In [None]:
import os
os.chdir("../")

In [None]:
%pwd

In [None]:
from langchain.document_loaders import PyPDFLoader,DirectoryLoader
from langchain.text_splitter import RecursiveCharacterTextSplitter

In [None]:
#Extract text from PDF files
def load_pdf_files(data):
    loader = DirectoryLoader(
        data,
        glob = "*.pdf",
        loader_cls = PyPDFLoader
    )

    documents = loader.load()
    return documents

In [None]:
extract_text = load_pdf_files("data")

In [None]:
extract_text

In [None]:
len(extract_text)

In [None]:
from typing import List

# Works across LangChain versions
try:
    from langchain.schema import Document  # older path
except ImportError:
    from langchain_core.documents import Document  # newer path


def filter_to_minimal_doc(docs: List[Document]) -> List[Document]:
    """
    Given a list of Document objects, return a new list of Documents
    containing only the original page_content and minimal metadata:
      - 'source'
      - 'author' (if available: from 'author')
      - 'page' (if available: from 'page', 'page_number', or 'loc.page_number')
    """
    minimal_docs: List[Document] = []
    for doc in docs:
        meta_in = doc.metadata or {}

        # Extract source if present
        source = meta_in.get("source")

        # Extract author if present
        author = meta_in.get("author")

        # Extract page from several common patterns
        page = None
        if "page" in meta_in:
            page = meta_in["page"]
        elif "page_number" in meta_in:
            page = meta_in["page_number"]
        elif isinstance(meta_in.get("loc"), dict) and "page_number" in meta_in["loc"]:
            page = meta_in["loc"]["page_number"]

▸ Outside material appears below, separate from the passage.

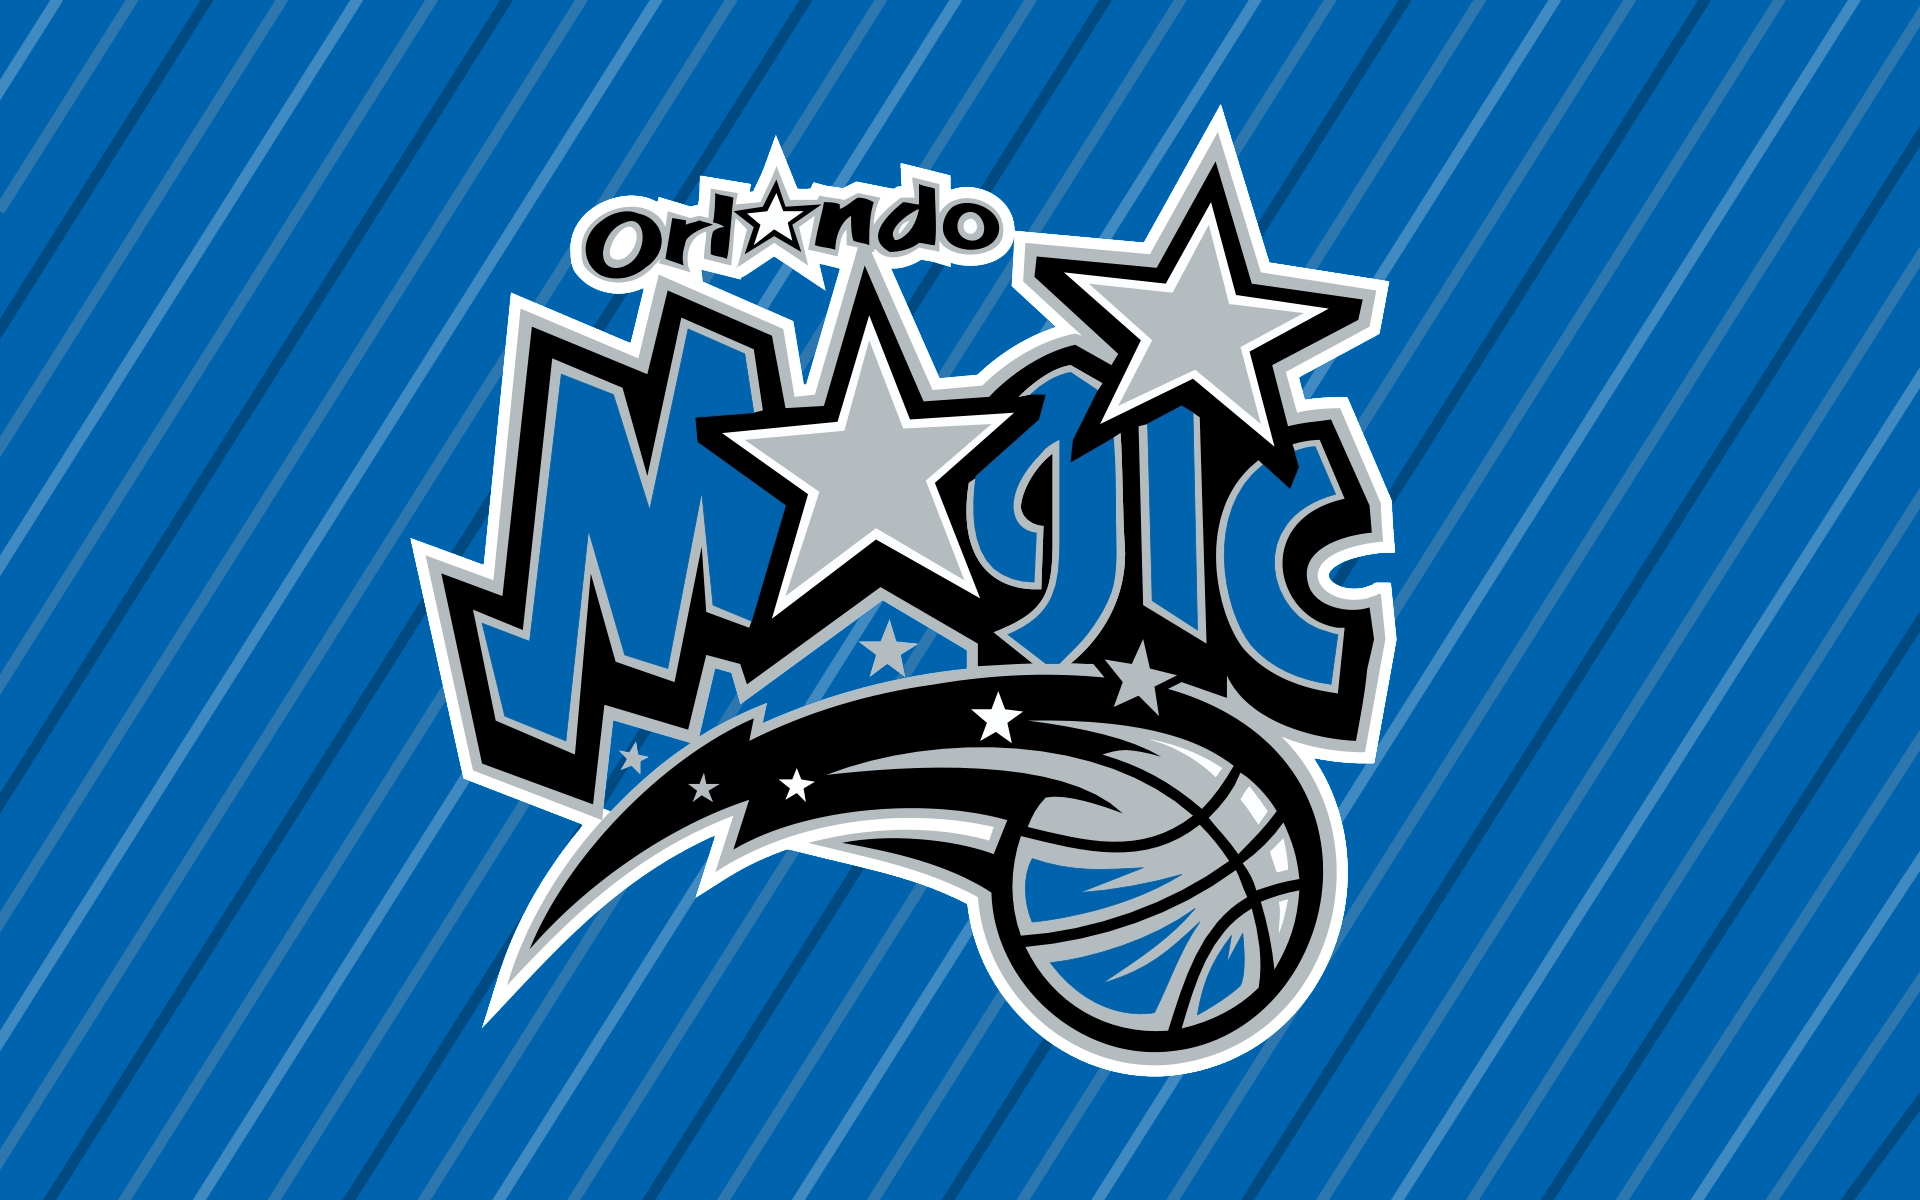 Orlando Magic win NBA draft lottery
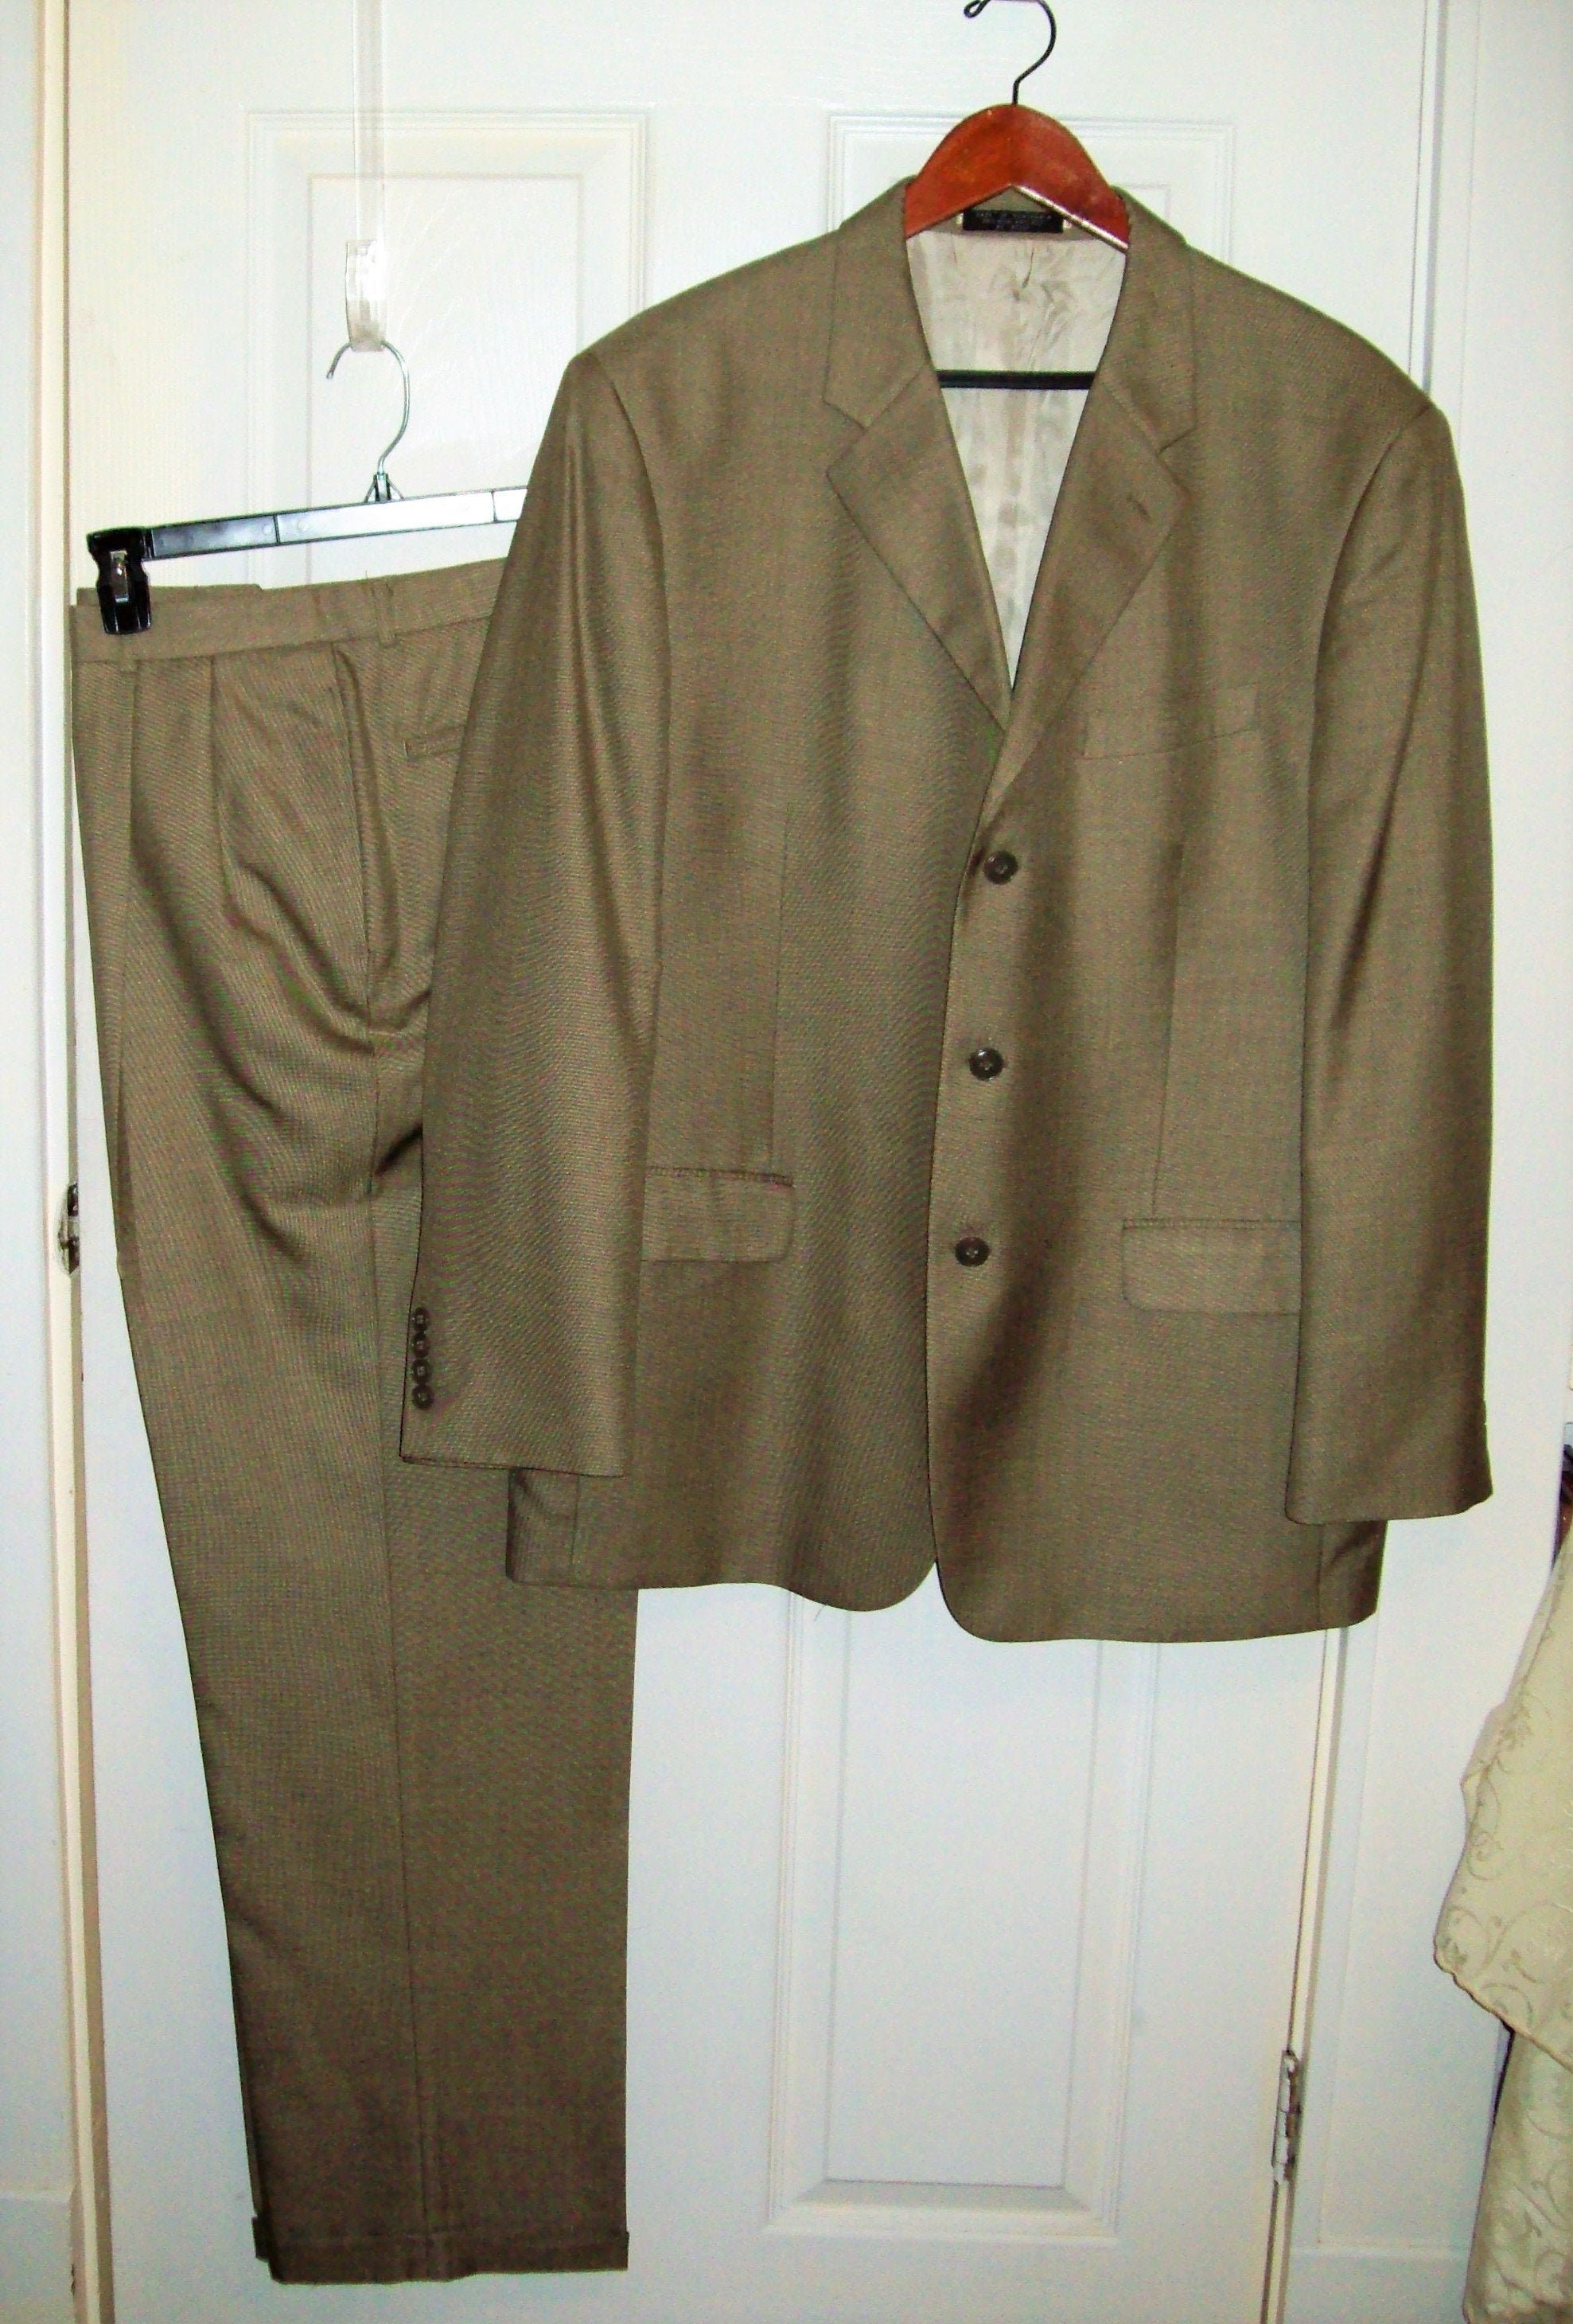 Vintage Men's Wool Silk Blend Suit By Jones New York 44 R Cuffed Slacks 36 Waist Pants Only 26 Usd

        # Build minimal metadata dict (omit missing keys)
        meta_out = {}
        if source is not None:
            meta_out["source"] = source
        if author is not None:
            meta_out["author"] = author
        if page is not None:
            meta_out["page"] = page

        minimal_docs.append(
            Document(
                page_content=doc.page_content,
                metadata=meta_out,
            )
        )
    return minimal_docs

In [None]:
minimal_docs = filter_to_minimal_doc(extract_text)

In [None]:
minimal_docs

In [None]:
#split the documents into smaller chunks
def text_split(minimal_docs):
    text_splitter = RecursiveCharacterTextSplitter(
        chunk_size = 500,
        chunk_overlap = 20,
    )
    texts_chunk = text_splitter.split_documents(minimal_docs)
    return texts_chunk

In [None]:
texts_chunk = text_split(minimal_docs)

In [None]:
len(texts_chunk)

In [None]:
from langchain.embeddings import HuggingFaceEmbeddings

def download_embeddings():
    """
    Download and Return HuggingFace Embeddings Model
    """
    model_name = "sentence-transformers/all-MiniLM-L6-v2"
    embeddings = HuggingFaceEmbeddings(
        model_name=model_name,
    )   
    return embeddings

embedding = download_embeddings()


In [None]:
embedding

In [None]:
vector = embedding.embed_query("Hello world")

In [None]:
vector

In [None]:
print(len(vector))

In [None]:
from dotenv import load_dotenv
import os
load_dotenv()

In [None]:
PINECONE_API_KEY = os.getenv("PINECONE_API_KEY")
OPENAI_API_KEY = os.getenv("OPENAI_API_KEY")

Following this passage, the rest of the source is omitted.